The lender also said that its board had appointed Jonathan Symonds as its deputy group chairman. Symonds, who has been an independent director on the bank’s board since 2014, is the former chief financial officer of the pharmaceutical companies Novartis AG and AstraZeneca plc and a former Goldman Sachs partner.
Flint, who has spent his entire career at HSBC, replaced Stuart Gulliver, the bank’s long-time chief executive, who retired in February.
He is part of a reshaped leadership team that includes Mark Tucker, the former chief executive of the life insurer AIA Group. Tucker joined the bank last year as the first outsider to serve as its chairman.
Gulliver, who had been CEO since 2011, steered the bank through a difficult period of change following the financial crisis. The lender sold several businesses, cut thousands of jobs and shrunk its global investment bank.

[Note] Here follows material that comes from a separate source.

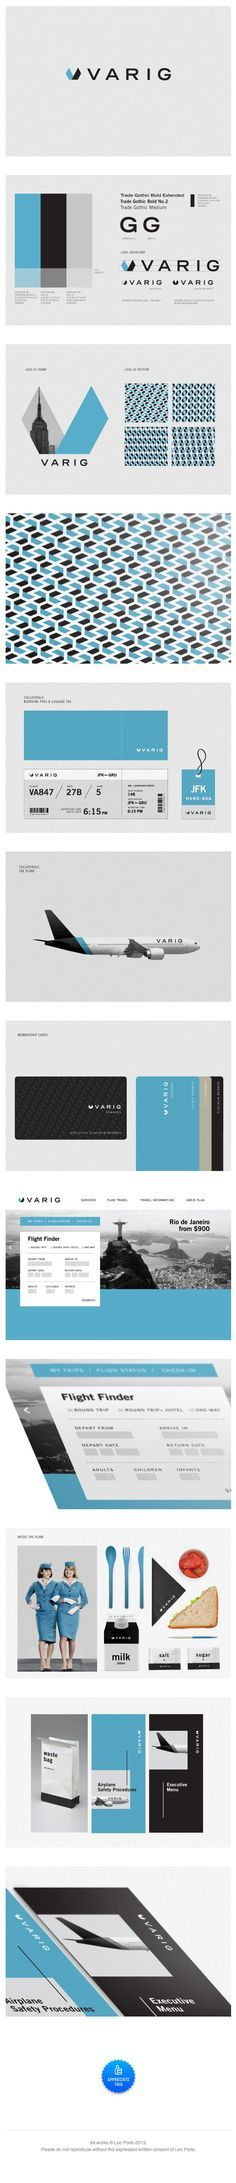 50+ Brand Identity Design Examples That ImpressiShareArena | Creative Hub

The bank, which was founded in Hong Kong in 1865, also toyed with moving its headquarters from London two years ago, but ultimately decided to keep its base in Britain.
Late last year, HSBC emerged from a deferred prosecution agreement with US authorities, in which it agreed to pay US$1.9 billion in 2012 to resolve accusations that it had facilitated transactions by Mexican drug lords and others facing US sanctions. The scandal damaged HSBC’s reputation and caused it to undergo an extensive overhaul of its financial-crime compliance.
Flint has been tasked with improving profitability at the reshaped bank, saying earlier this year that he wanted HSBC “to get back into growth mode.”
In June, Flint said that the bank would invest up to US$17 billion to expand its operations in Hong Kong, the Pearl River Delta in China and its wealth management business in Asia, as well as to improve its technology.